You have probably heard the buzz words around Agile Auditing, including “sprints” and “daily scrums.” You have probably attended one or more free 1-hour webinars that provided you with some teasers about Agile Auditing but not enough to act. You might have even attended a conference session that explained many of the terms and concepts but not enough to know how to practically apply the concepts. At the end of the day, you may still be asking: What exactly is Agile Auditing?How does one practically implement it? Why should auditors adopt it? 

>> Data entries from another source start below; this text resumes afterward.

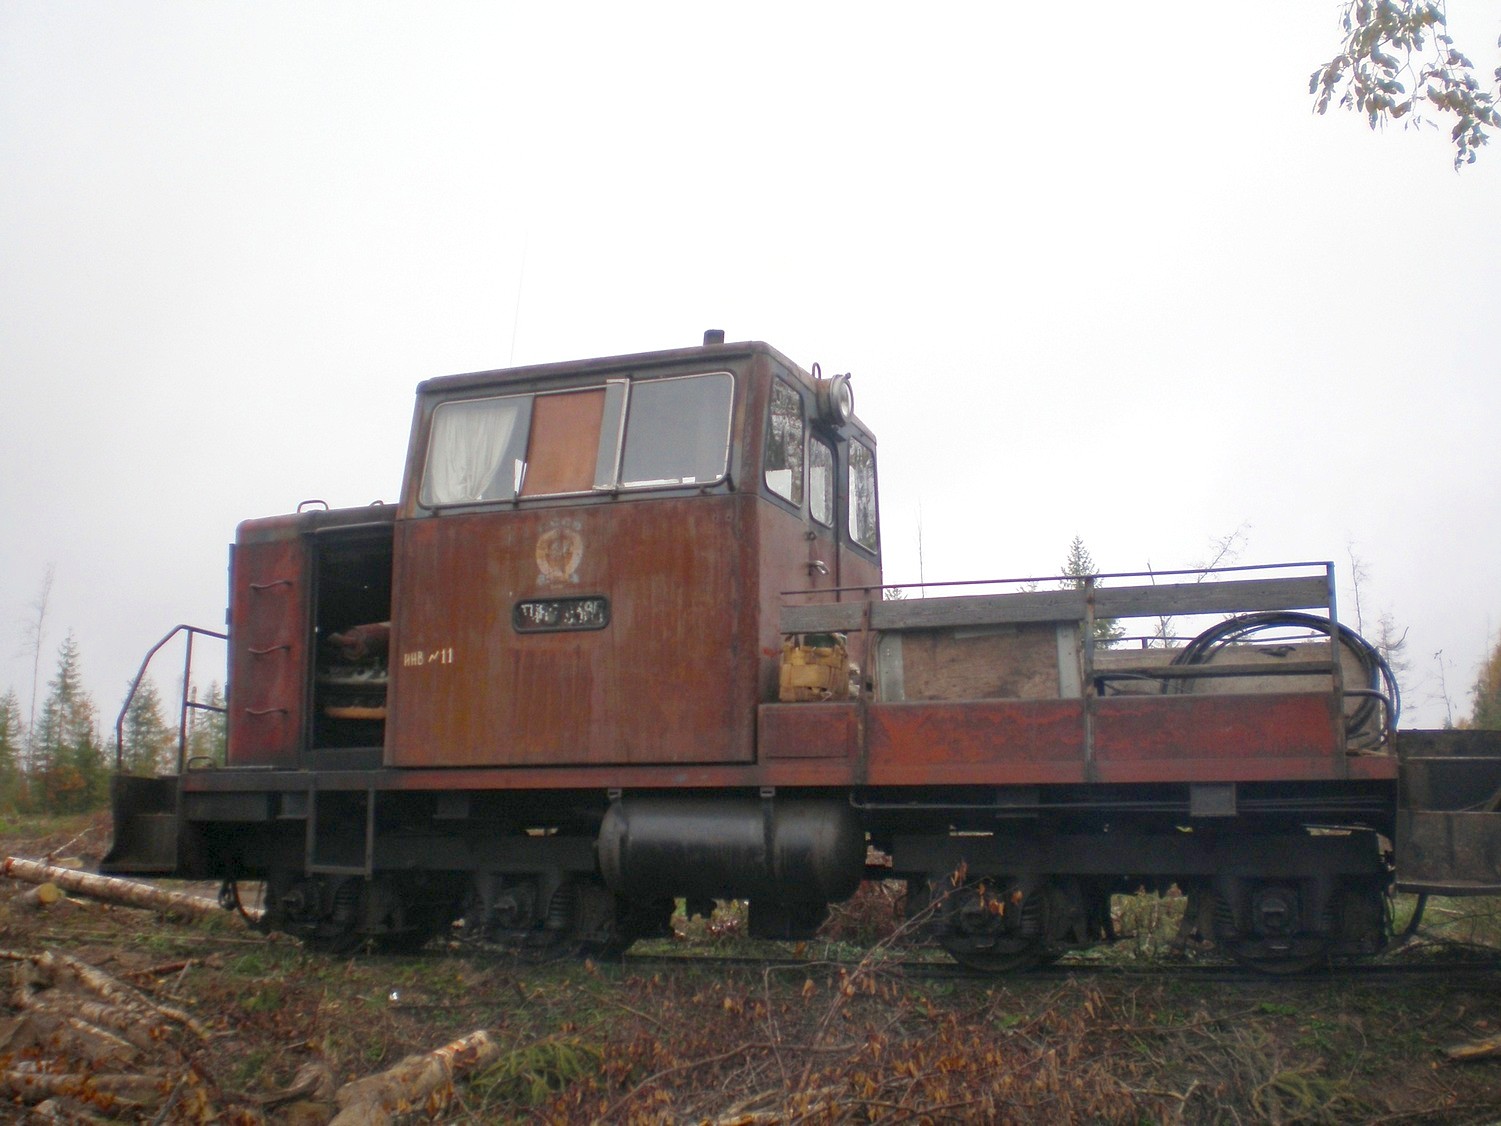 Лунданская узкоколейная железная дорога  —  фотографии, сделанные в 2007 году (часть 4)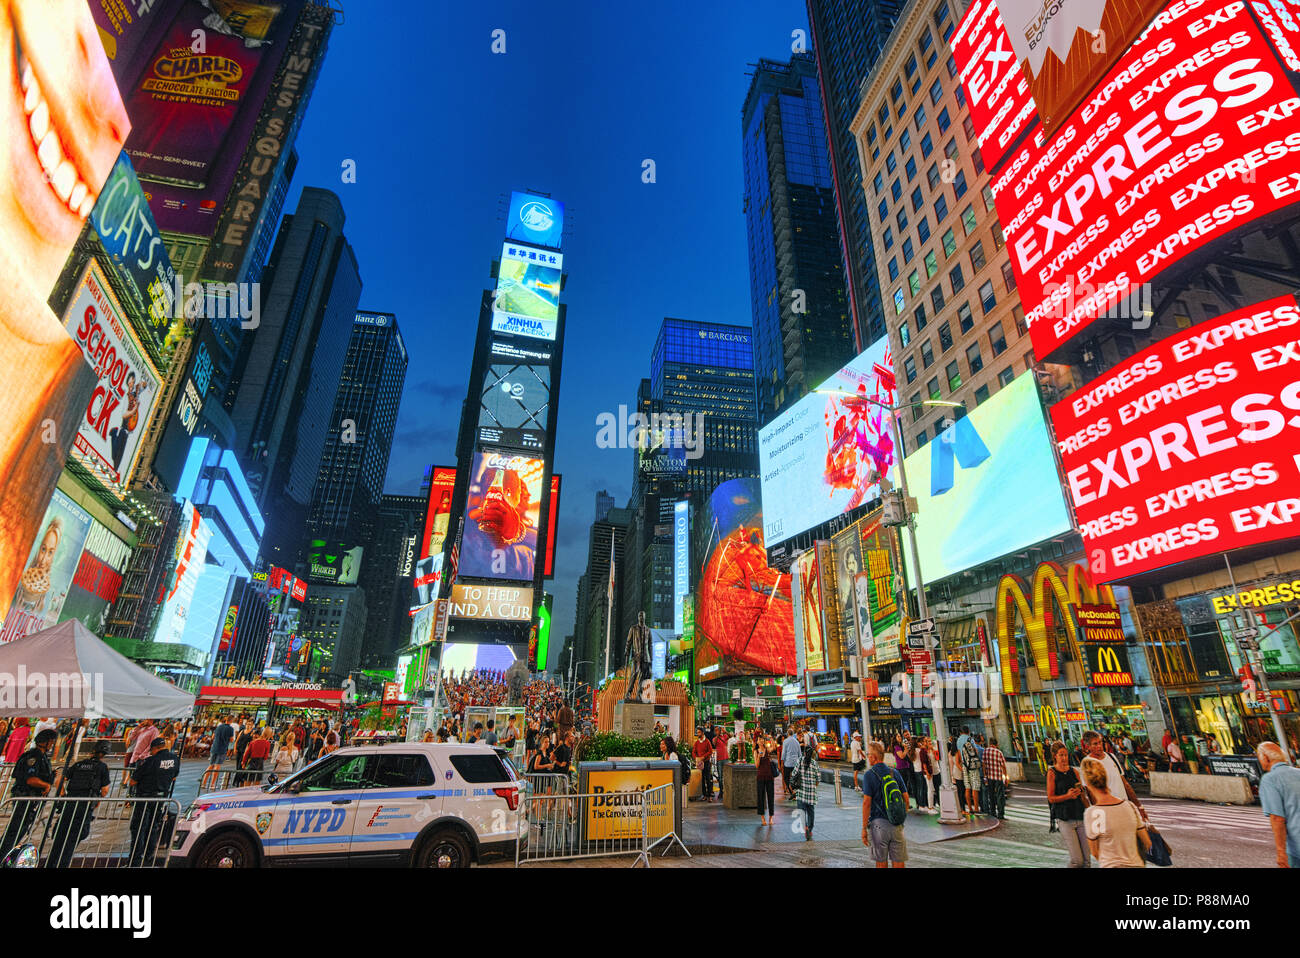 New York, USA- 06 septembre 2017 : Vue de nuit Times Square-central et de la place principale de New York. Rue, voitures, les gens et les touristes. Banque D'Images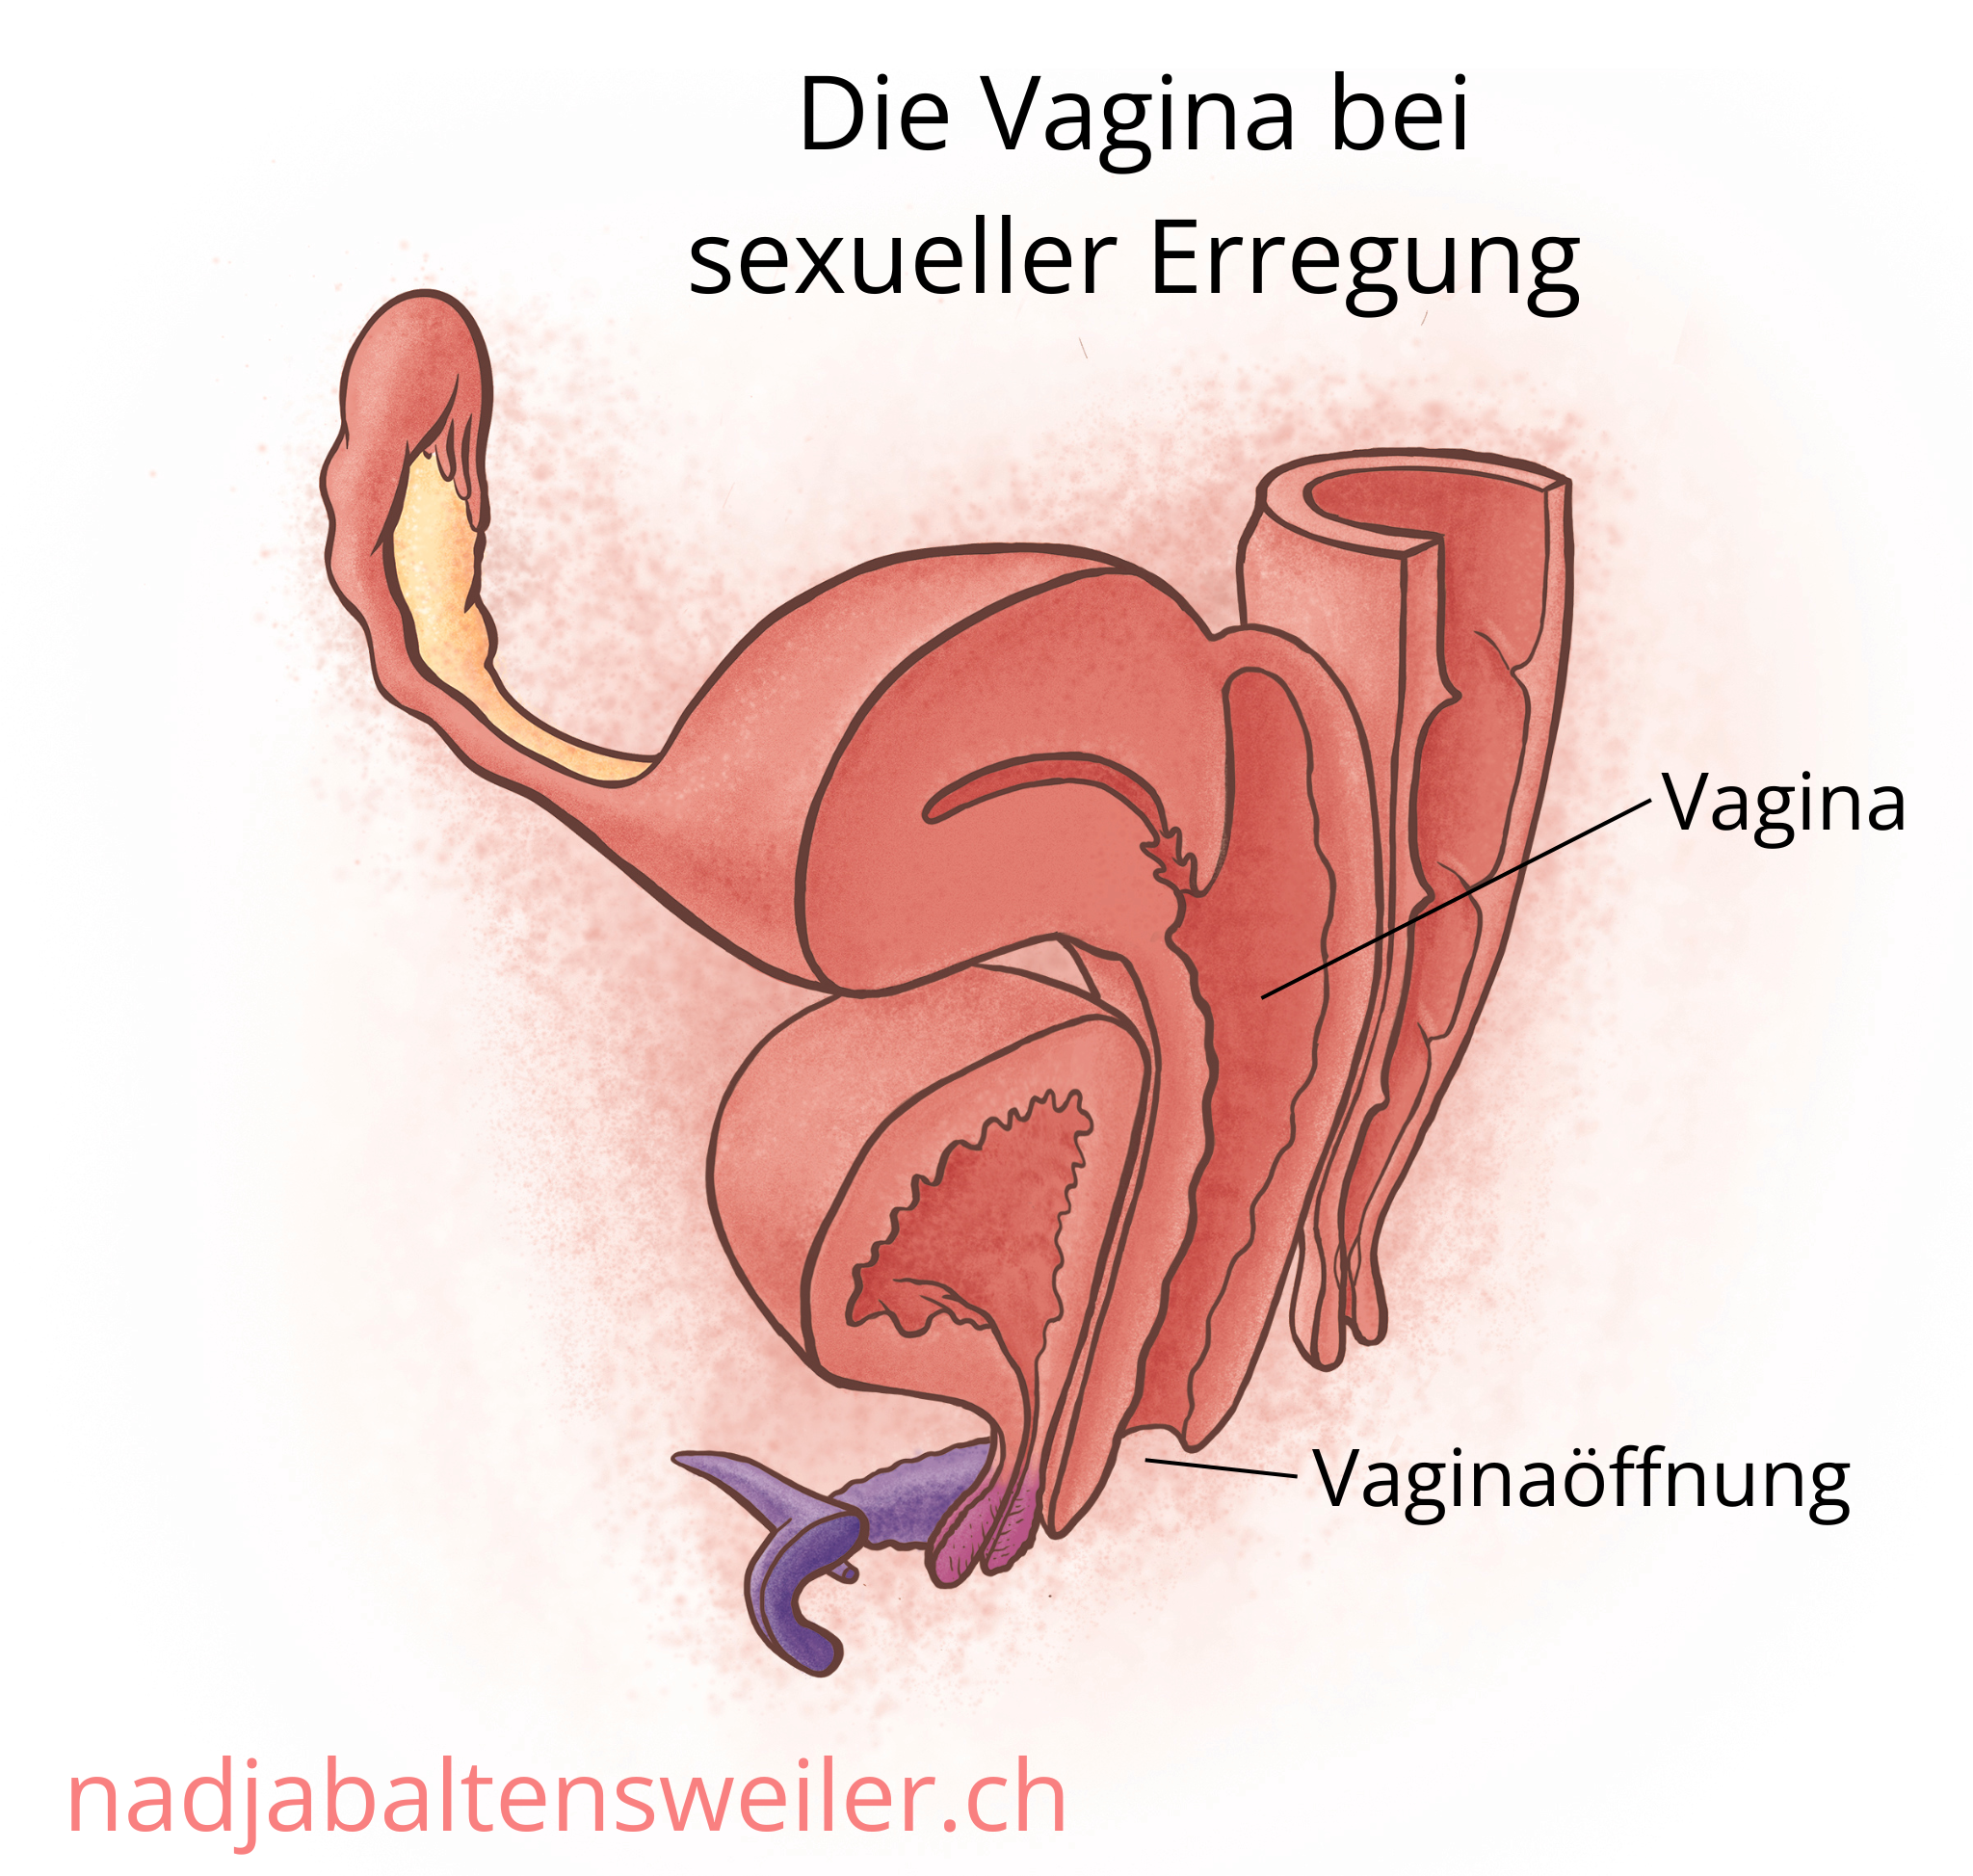 Das Bild zeigt einen Längsschnitt durch Geschlechtsorgane bei sexueller Erregung. Die Vagina ist weit und aufgespannt wie ein Ballon.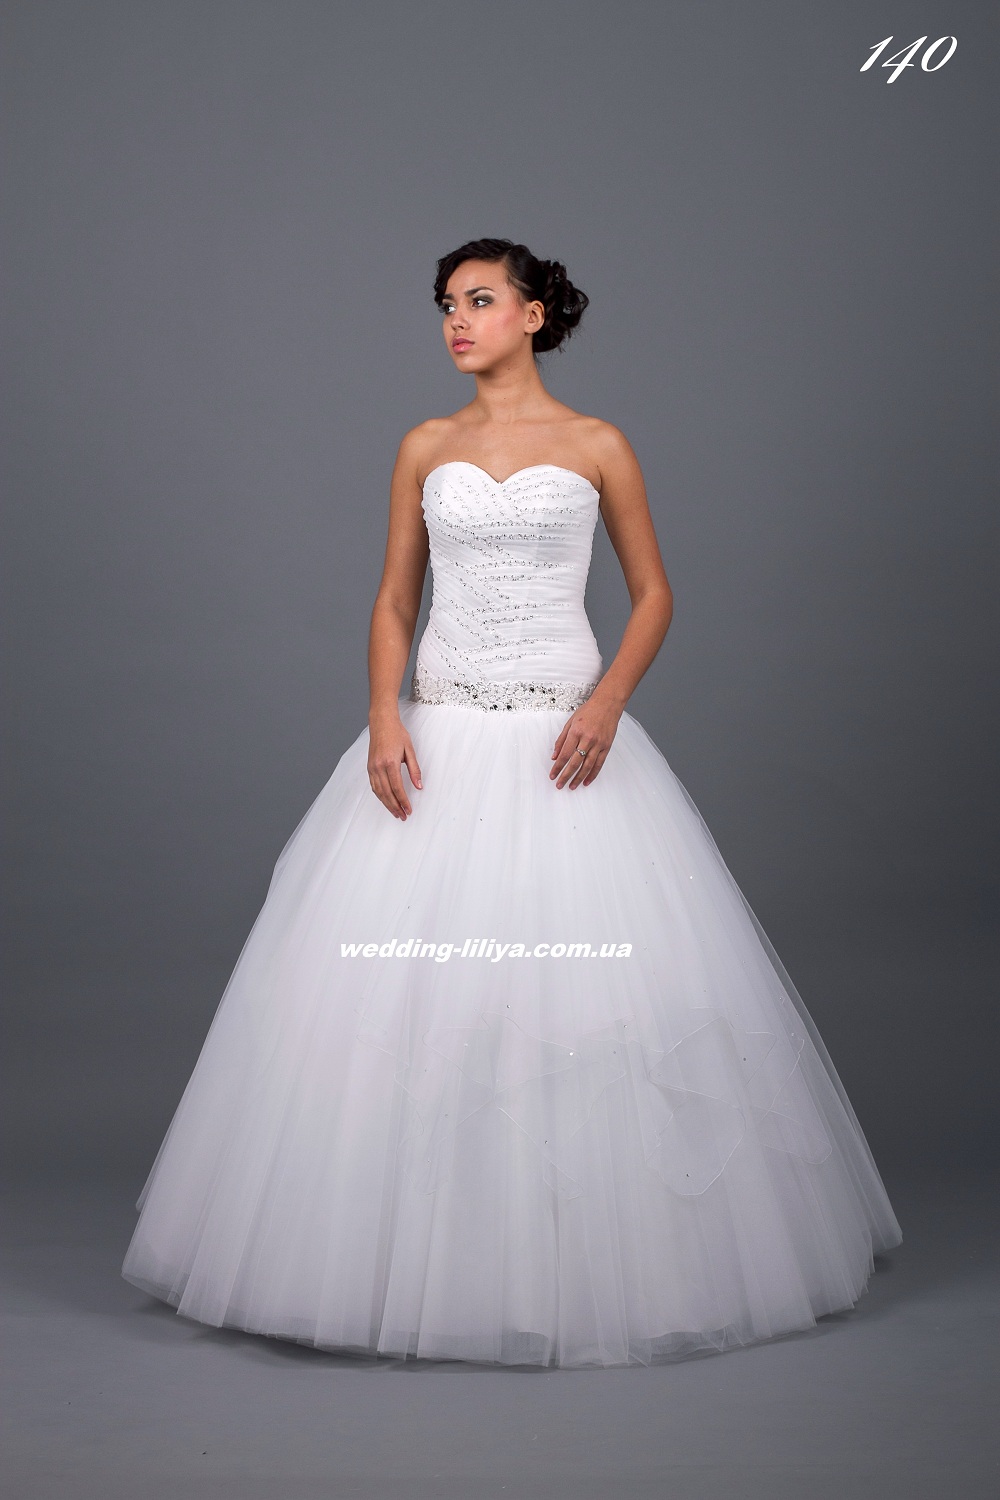 Свадебное платье №140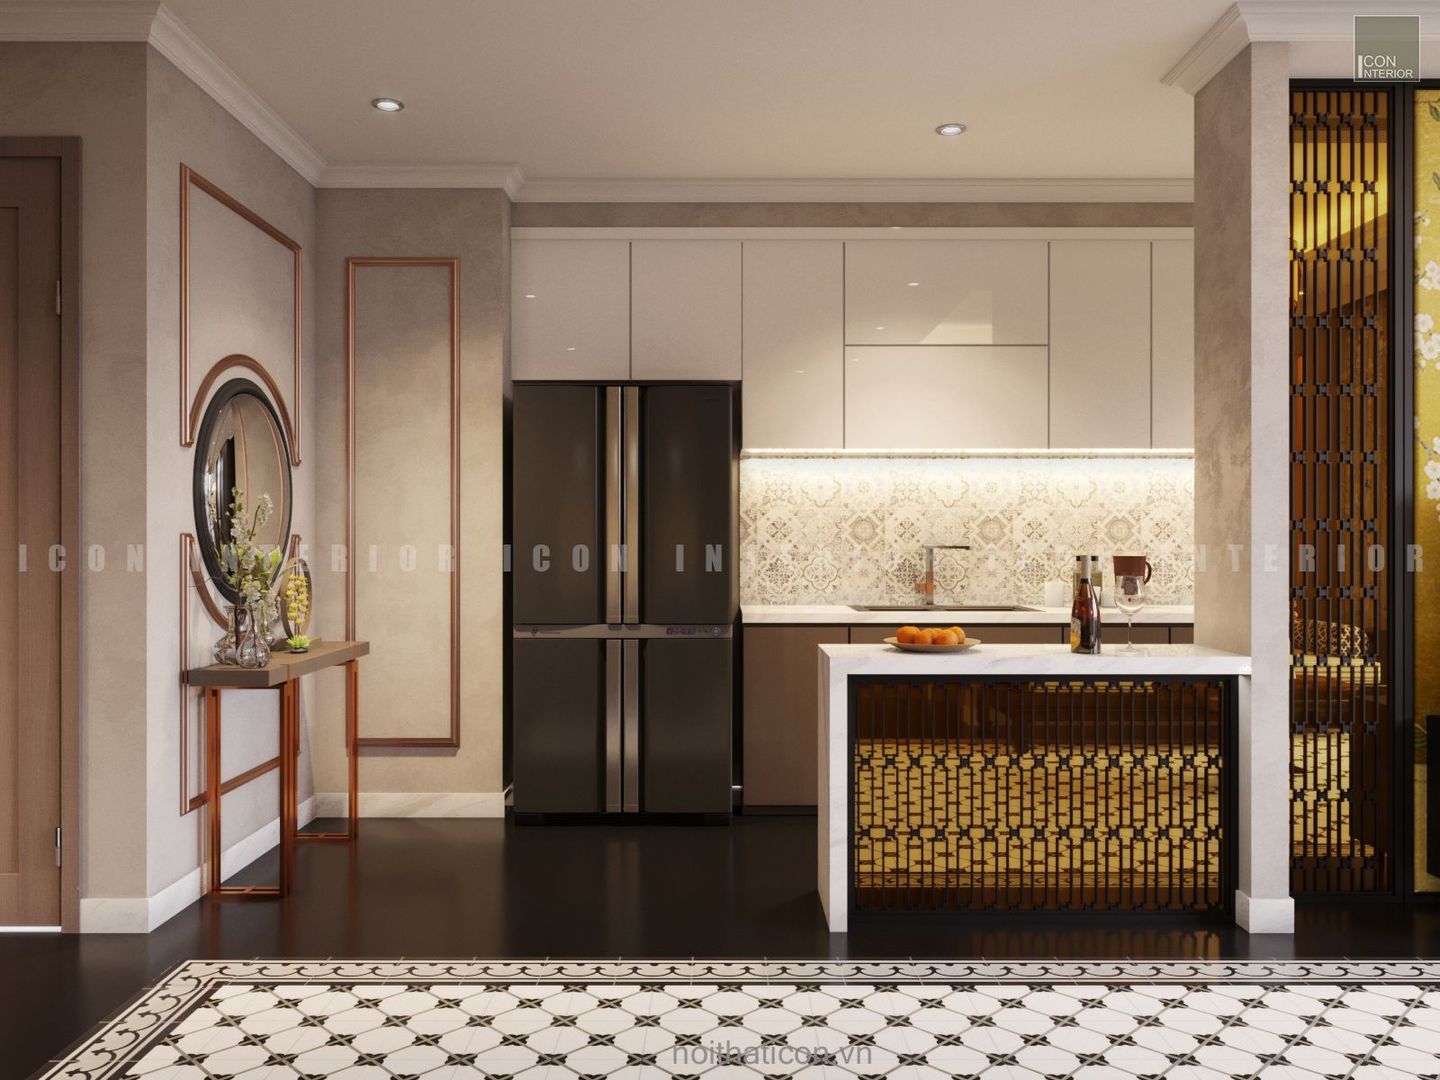 Nội thất căn hộ Vinhomes Central Park thiết kế theo phong cách Đông Dương, ICON INTERIOR ICON INTERIOR Cucina in stile asiatico

Let’s start with what Agile is: It is simply a project management methodology used in software development but could be applied to any project in any discipline. Agile software development is an umbrella term for a set of framework and practices based on the values and principles expressed in the Agile Manifesto. There are four Agile Manifesto values (according to the official Agile Alliance website https://www.agilealliance.org/: 

  1. Individuals and interactions over processes and tools 

  2. Working software over comprehensive documentation 

  3. Customer collaboration over contract negotiation 

  4. Responding to change over following a plan 

There are also 12 Agile Principles based on the Agile Manifesto values that are the guiding practices to support teams in implementing and executing with agility. The twelve Agile Principles can be paraphrased and summarized as follows: 

  1. Highest priority is to satisfy the customer through early and continuous delivery of value 

  2. Changing requirements are welcome 

  3. Deliver frequently  

  4. Businesspeople and developers must work together throughout the project 

  5. People should be given the environment and support they need to get the job done 

  6. The most efficient and effective methods should be used to convey information 

  7. Working software is the primary measure of progress 

  8. Agile processes promote sustainable development 

  9. Continuous attention to excellence and good design enhances agility 

  10. Simplicity is essential 

  11. The best results emerge from self-organizing teams 

  12. Teams should reflect on how to become effective and adjust accordingly 

Now that we understand what Agile is, we can begin to know how to apply these principles to the internal audit discipline. To cross-pollinate the Agile world with the internal audit world, let’s look at the official definition of Internal Audit according to the Institute of Internal Auditors: 

 Internal auditing is an independent, objective assurance and consulting activity designed to add value and improve an organization’s operations. It helps an organization accomplish its objectives by bringing a systematic, disciplined approach to evaluate and improve the effectiveness of risk management, control, and governance processes. 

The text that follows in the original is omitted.